In one of the episodes, Donald's would-be apprentices, were asked to design a new toy for Mattel. In another, they had to launch a new flavor of Crest toothpaste.

On the other hand, Zeal Television, an independent entertainment production and format licensing company that has operations in London, Miami and Dubai has rolled out branded content with brands like Pepsi (The Pepsi Chart Show and Pepsi Musica) and Nissan (El Reto Final: The Nissan Re-Match). The 60-minute show Pepsi Musica airs on Telefutura and delivers an aggregate 5.0 rating points, making the show the unrivalled market leader among US Hispanics.
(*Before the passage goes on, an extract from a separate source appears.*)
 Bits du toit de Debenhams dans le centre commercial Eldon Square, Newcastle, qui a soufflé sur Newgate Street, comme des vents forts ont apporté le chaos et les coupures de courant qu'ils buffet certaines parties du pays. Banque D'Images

On the other hand, the reality show El Reto Final: The Nissan Re-Match was developed in response to the advertiser's needs for a soccer related property with promotional extensions and franchising possibilities.

On the films front, the Tom Hanks starrer Cast Away is well-known for its prominent product placement marketing. Two brands that benefited from the movie were FedEx and Wilson Sporting Goods. One of the notable "characters" in the movie is Wilson, a volleyball that Hanks finds in one of the FedEx boxes while deserted on an island.

The examples out there are manifold and increasing by the day. The single reason being - the media environment is getting cluttered and brands have to work that much harder to get consumers' attention. Branded entertainment, if done right, seems to be the answer to every marketers' questions and worries.